For Beth Chapman, it was love at first sight when she met Duane “Dog” Chapman.
In an A&E Dog the Bounty Hunter interview, the late reality star, who died Wednesday at age 51, detailed the moment she first laid eyes on her “blonde bombshell” husband — and how her accidentally stealing lemons (and winding up in jail) led to a lifetime of romance and happiness for the pair.
“I was working for a state senator in Colorado and I had gone to the grocery store to buy some lemons. The senator started paging me, and it’s kind of like the bat line — you know when the senator calls, you get on the phone immediately. So I was waiting in the line, waiting in the line and there’s like five people in front of me, so I just walked around the line, went to the pay phone, was going to use the pay phone. I had the lemons in my hands,” Beth explained in the confessional.
“The store security kind of swarmed me and go, ‘You’re shoplifting the lemons.’ I was like, ‘Oh my God,’ right? ‘I’m not shoplifting the lemons.’ Now I’m a criminal, right? So I go to jail, I call this big dog lawyer … in Denver, Colorado, who happened to be a friend of Dog’s and he said, ‘You call up my friend, Dog.’ And I go, ‘Dog?’ ” she explained.
“I finally get the bond, I finally get out of jail and this guy starts calling me. He’s like, ‘You better get in here to do your paperwork’ and I was like, ‘Yeah, well, you took your sweet ‘ole time, I’ll take mine,'” she continued. “So then he calls my daddy up and he tells my daddy, ‘if she don’t get down here, I’m going to go find her and drag her back to jail.’ “
Despite her unfortunate arrest, Beth managed to turn lemons into lemonade.
“So of course I go sauntering in there and I’m waiting and then all of a sudden, this blonde bombshell comes walking out from this back room dressed in black all studded out with this long, wavy, blonde hair with this thing,” she said about Dog as she gestured to her forehead.
From that moment forward, “I thought, oh yes, he will be mine. Let the stalking begin now,” Beth said.
To make sure that she would get to know Dog, Beth became a bail bondswoman.
“But I knew on that day that the only way that I was going to win that man’s heart is if I could somehow figure out how to spend time with him so he could get to know me. So I immediately went down and took the bail bonds test and became a bail bondsman because I knew that if I wrote a whole bunch of bad bail that the bounty hunter would have to come sit in my office so that he could go and chase my fugitives,” she said with a laugh.
Thankfully, her plan was a success!
“So I proceeded to write the worst bail that there was. ‘No collateral, no co-signer? Sure, come on down.’ ‘You don’t have any money? Great, come on down. You have a pulse, right?’ ” she continued. “So I wrote all the bad bail I could write so that I would spend all this time with him and it worked.”
On Wednesday, Dog, 66, announced on Twitter that his wife had died early that morning in Hawaii.
“It’s 5:32 in Hawaii, this is the time she would wake up to go hike Koko Head mountain,” he wrote. “Only today, she hiked the stairway to heaven. We all love you, Beth. See you on the other side.”

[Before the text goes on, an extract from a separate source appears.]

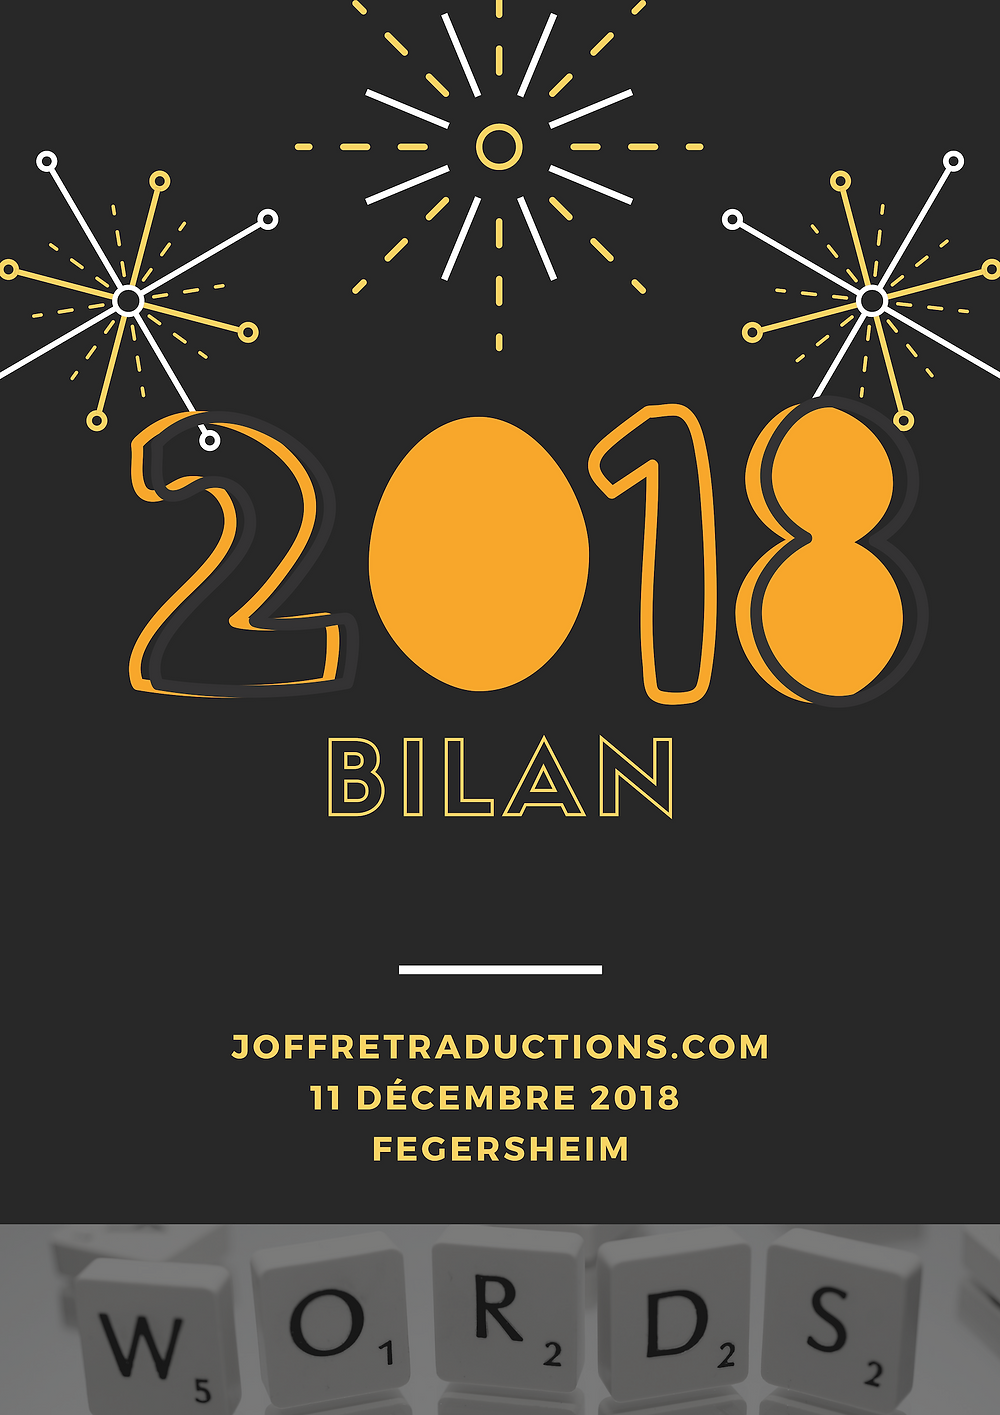 affiche bilan 2018 Joffre traductions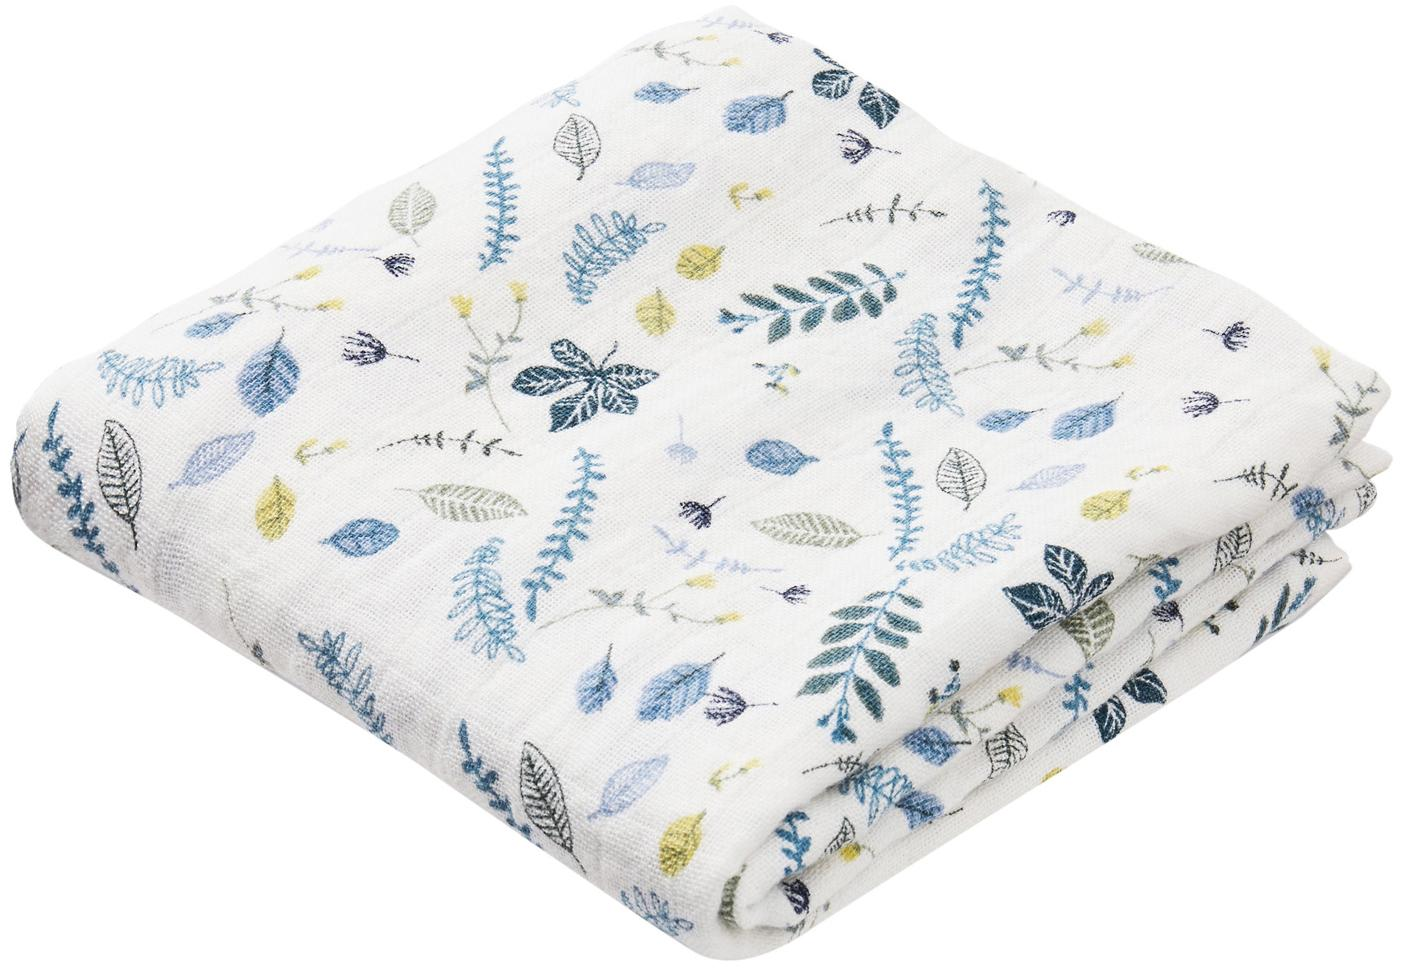 Pañales de tela Pressed Leaves, 2uds., Algodón orgánico, Blanco, azul, gris, amarillo, An 70 x L 70 cm

A rep for the Chapmans told PEOPLE, “Beth died at 5:32 this morning, the same time she would wake up to go hiking Koko Head. The exact same time. She was surrounded by family and Dog was there, holding her hand.”
The Chapmans first opened up about Beth’s illness in September 2017 when they publicly announced her stage II throat cancer diagnosis.
News of her death comes after Dog revealed that Beth was admitted to Hawaii’s Queen’s Medical Center on June 22. According to Hawaii News Now, she was placed in a medically-induced coma. In a statement to the outlet, her husband said both he and his family “humbly ask everyone to please pray for Beth.”
“It’s quite serious,” the family rep told PEOPLE at the time.
She is survived by Dog and their children: Cecily Chapman, Bonnie Chapman, Garry Chapman and Dominic Davis.
This weekend, she will be honored in an oceanfront celebration in the place she loved most: Hawaii.
“Beth had two homes — Hawai’i and Colorado. ‘I love Hawai’i the most,’ she said, so she will be sent off in true Hawaiian style, with aloha,” a rep for the Chapman family told PEOPLE.
The gathering will take place on Saturday at 2 p.m. at Fort DeRussy Beach in Waikiki, where Beth will be honored with a “Hawaiian ʻOli (chant), prayer, followed by a paddle out with family and friends.”